:: DATA ::
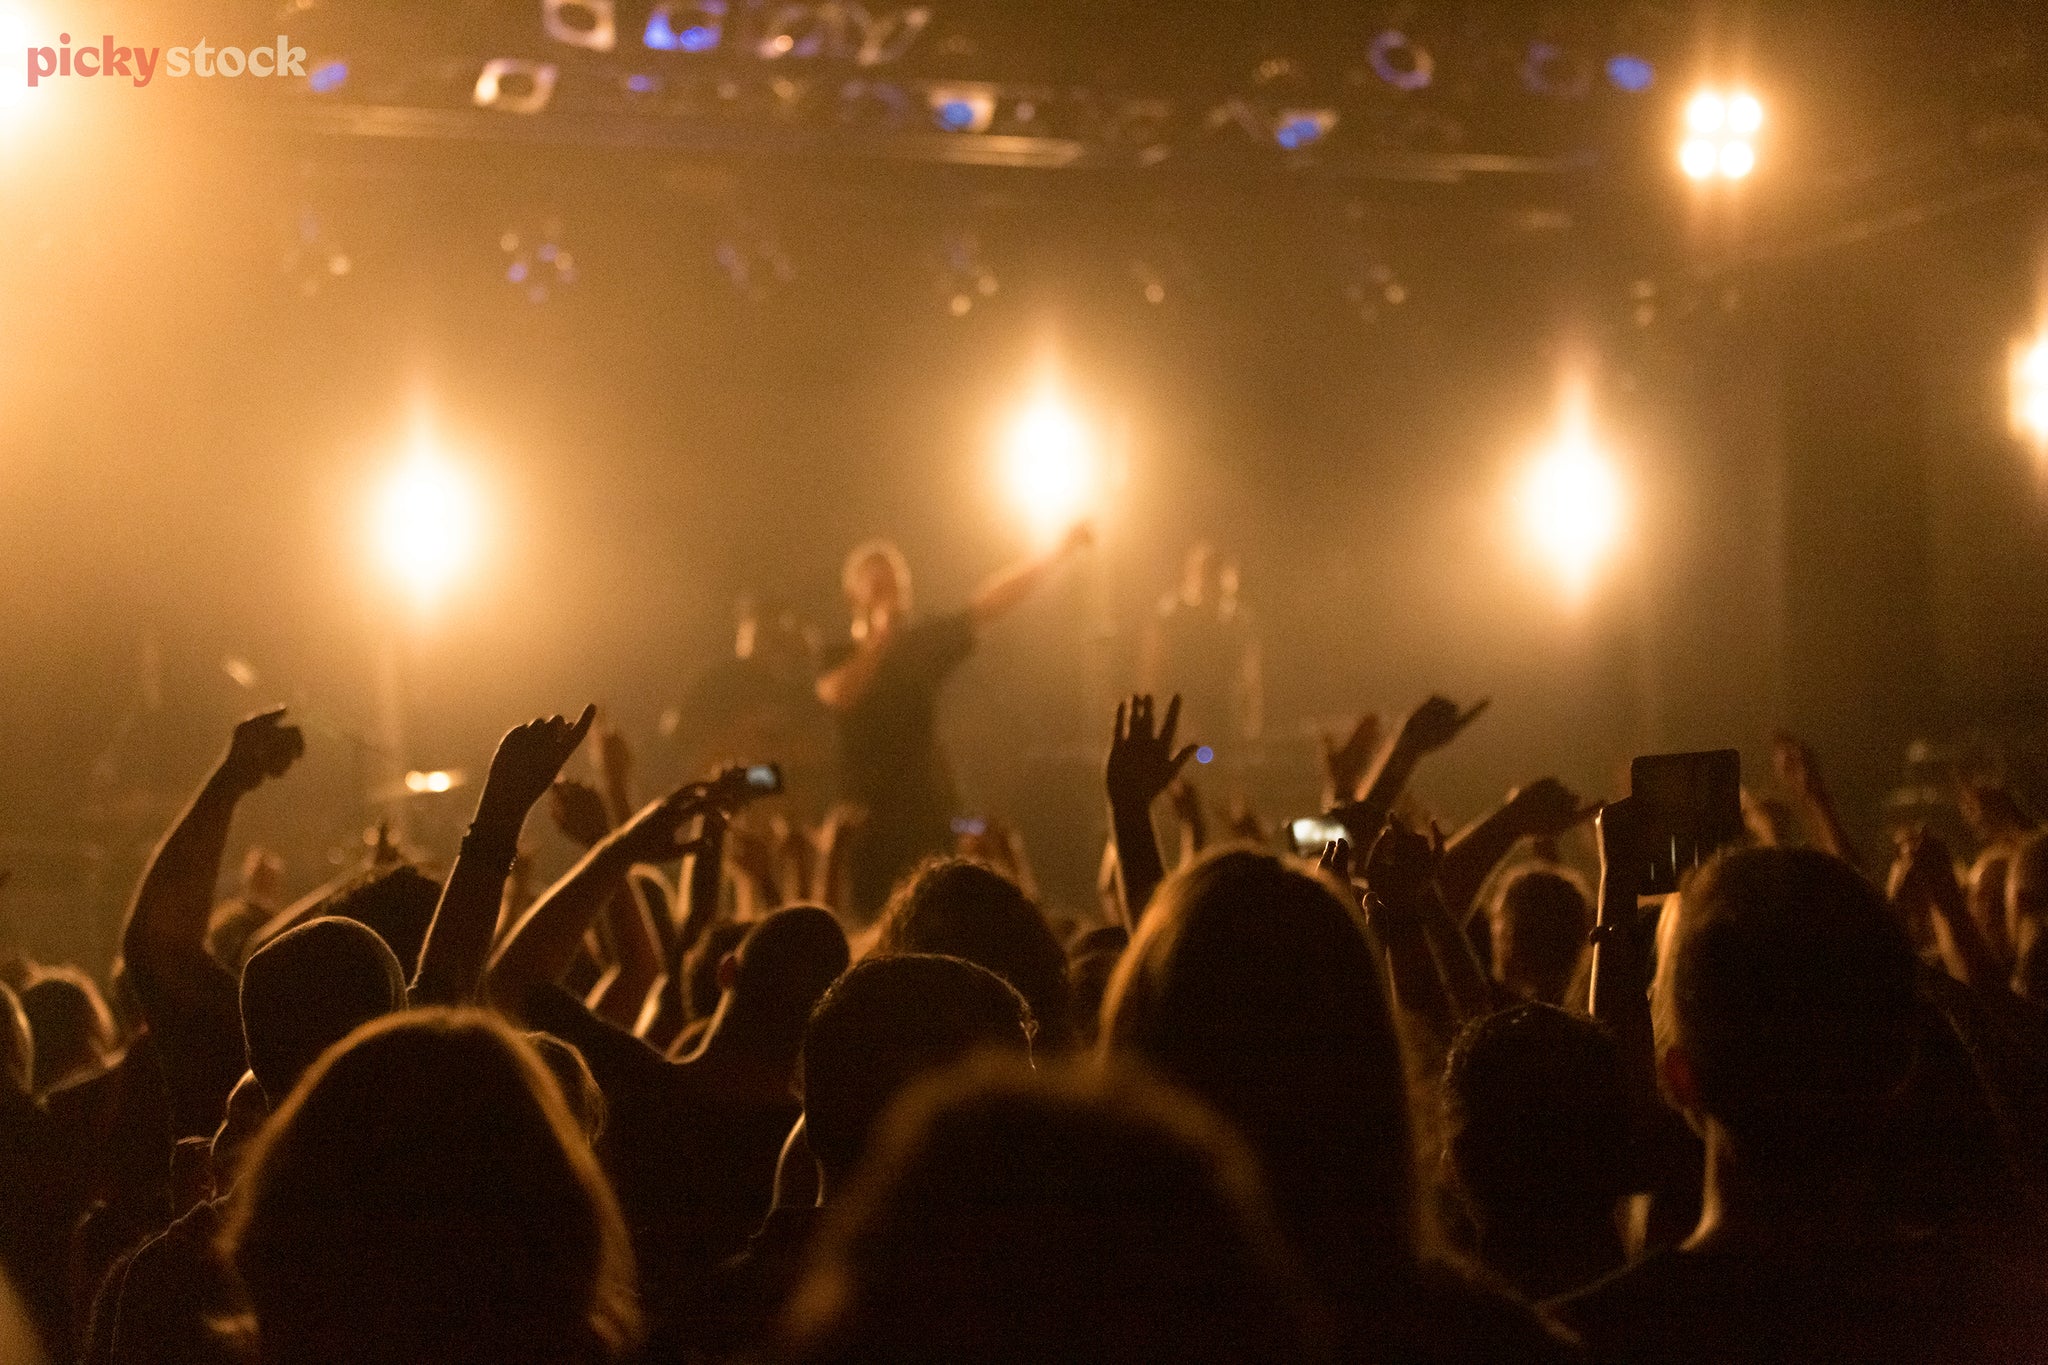 In a concert crowd mosh-pit, close to stage as hands and arms are raised in the air. Band is unrecognisable as the orange lights block the viewpoint. 
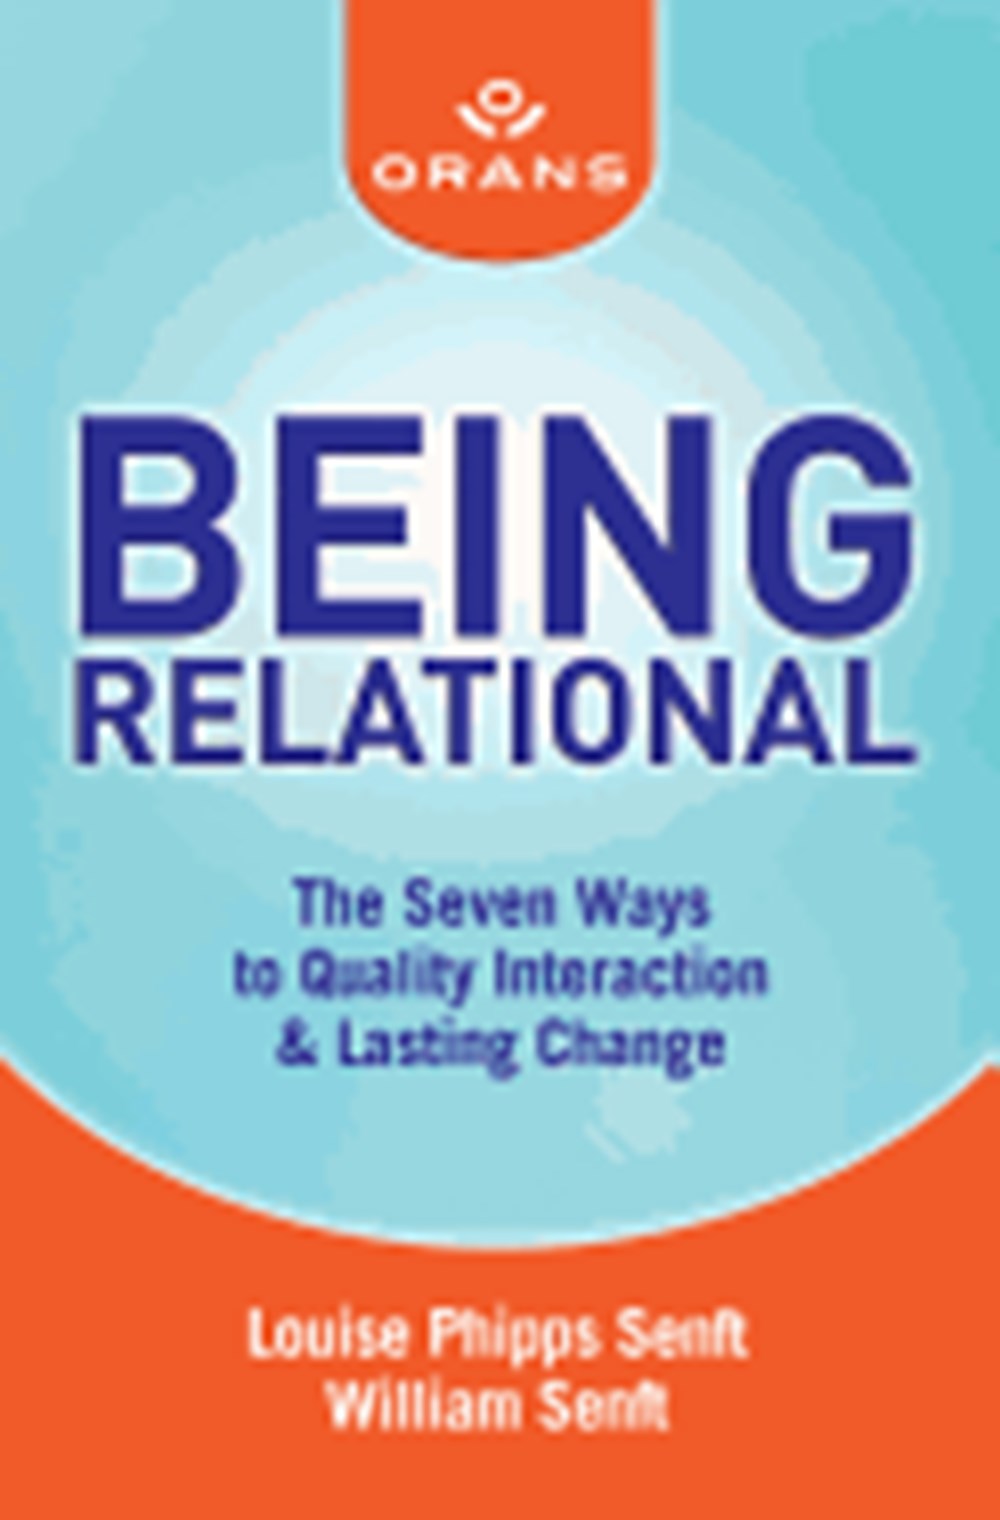 Being Relational: The Seven Ways to Quality Interaction & Lasting Change
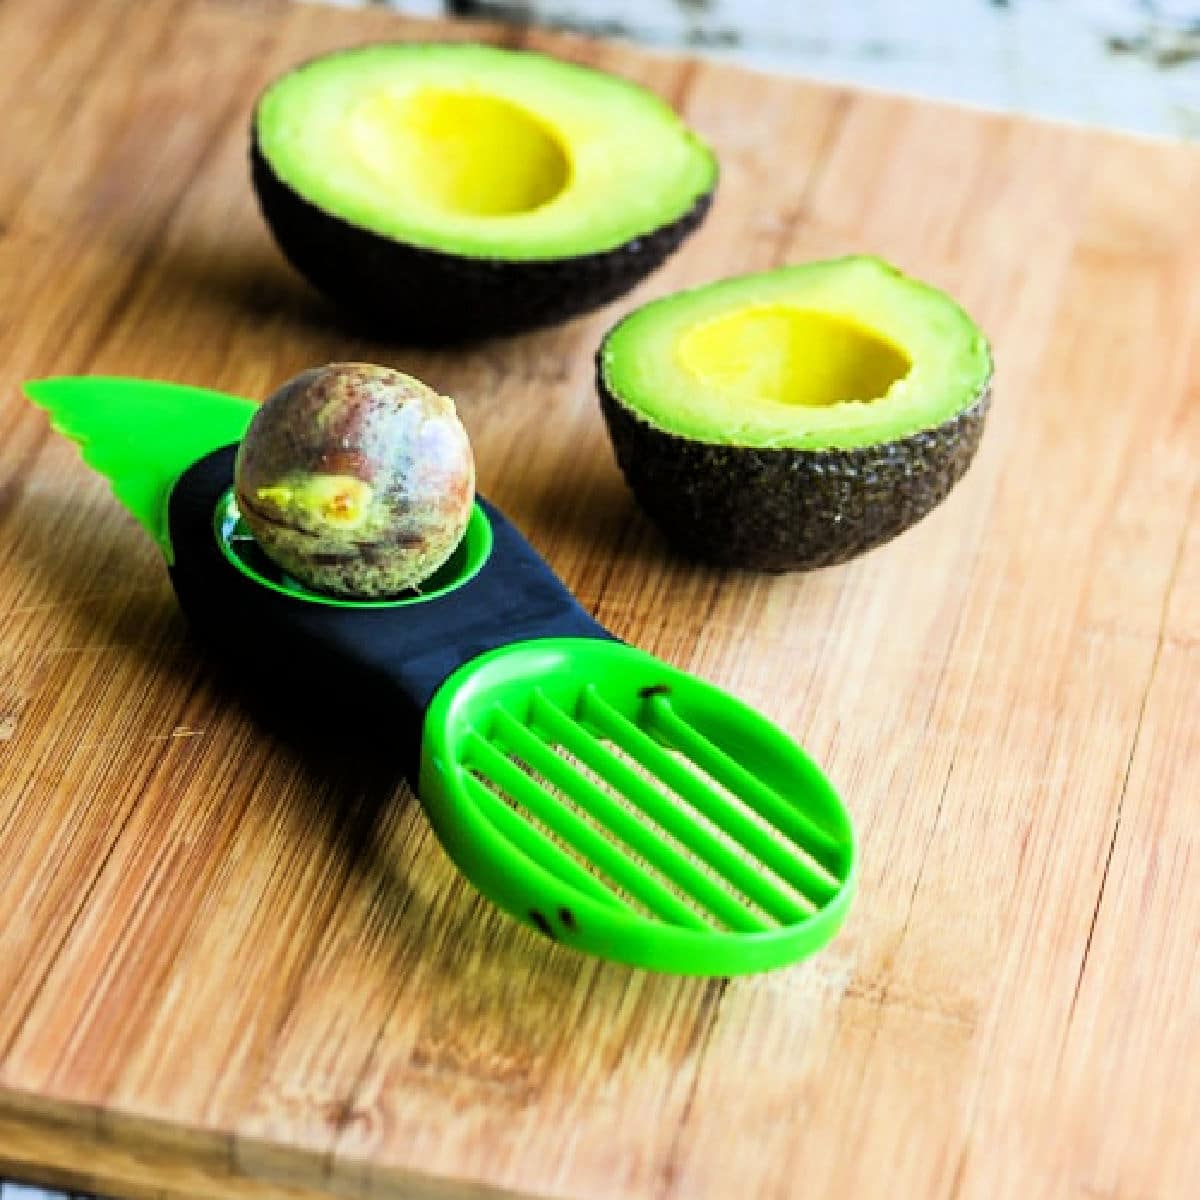 Square image for Kalyn's Kitchen Picks: OXO Avocado Tool showing avocado and tool on cutting board.

:: WHAT IS EXPECTED ::
The material above must be printed exactly, with its pictures left out.

:: SOLUTION ::
 In a concert crowd mosh-pit, close to stage as hands and arms are raised in the air. Band is unrecognisable as the orange lights block the viewpoint. 
 Being Relational: The Seven Ways to Quality Interaction & Lasting Change
 Square image for Kalyn's Kitchen Picks: OXO Avocado Tool showing avocado and tool on cutting board.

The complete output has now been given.